→ Records supplied
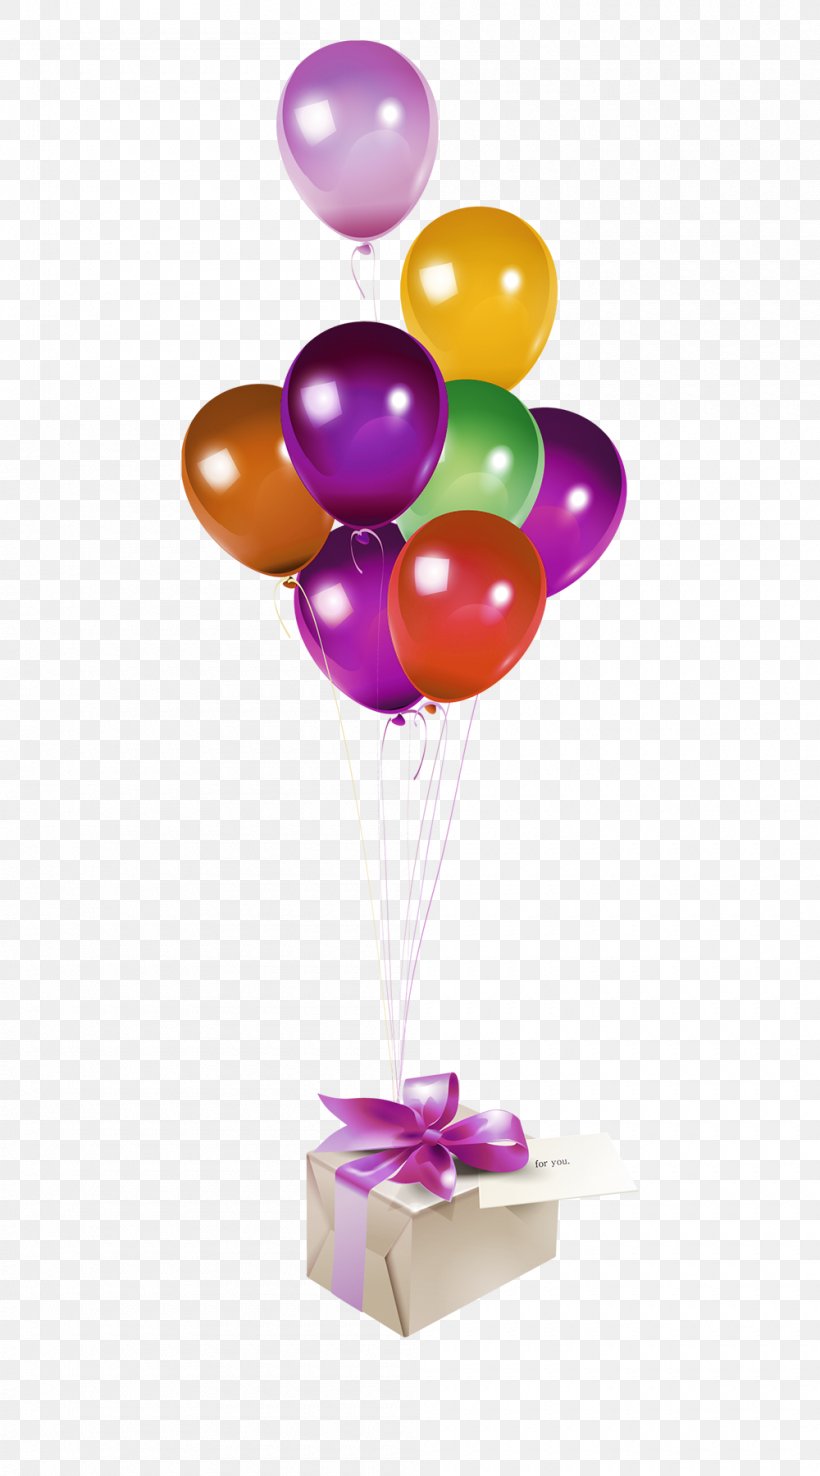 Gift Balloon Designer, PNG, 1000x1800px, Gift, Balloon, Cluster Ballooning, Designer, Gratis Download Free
...
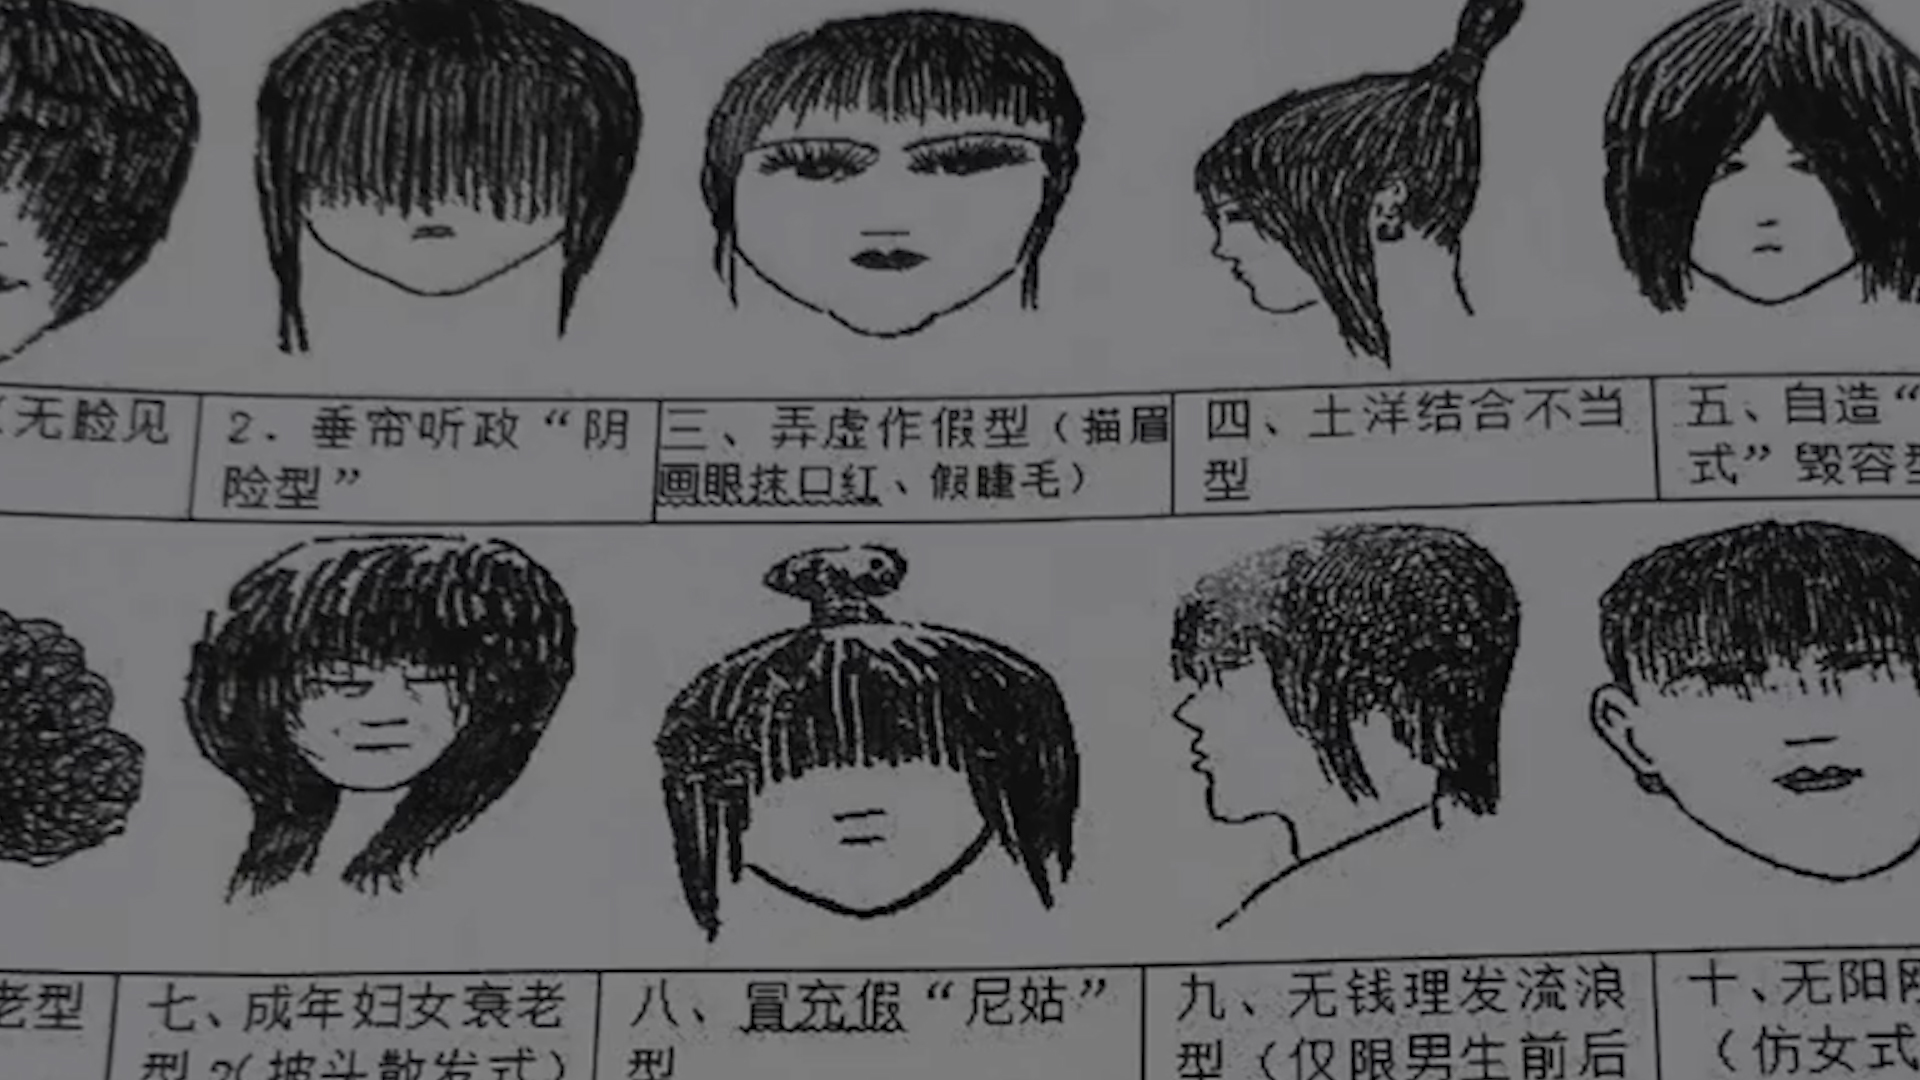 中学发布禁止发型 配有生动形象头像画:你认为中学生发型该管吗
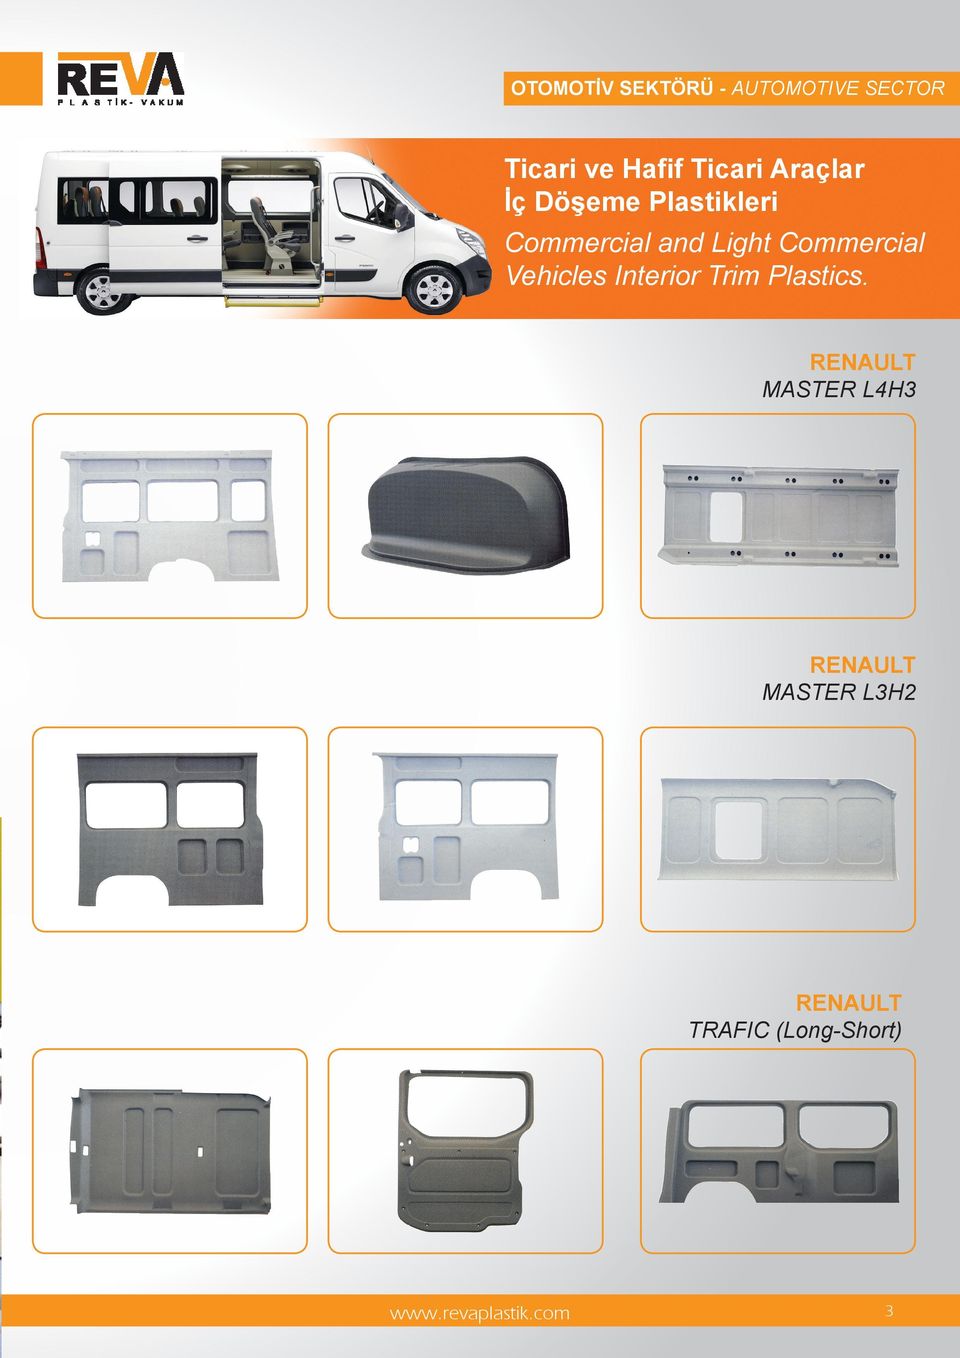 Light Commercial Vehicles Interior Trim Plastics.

→ Action item
Although pictures appear among the records above, none are to be output; print exactly the lines from the line containing "中学发布禁止发型 配有生动形象头像画:你认为中学生发型该管吗" through the line containing "Light Commercial Vehicles".

→ Reply
 中学发布禁止发型 配有生动形象头像画:你认为中学生发型该管吗
 Light Commercial Vehicles Interior Trim Plastics.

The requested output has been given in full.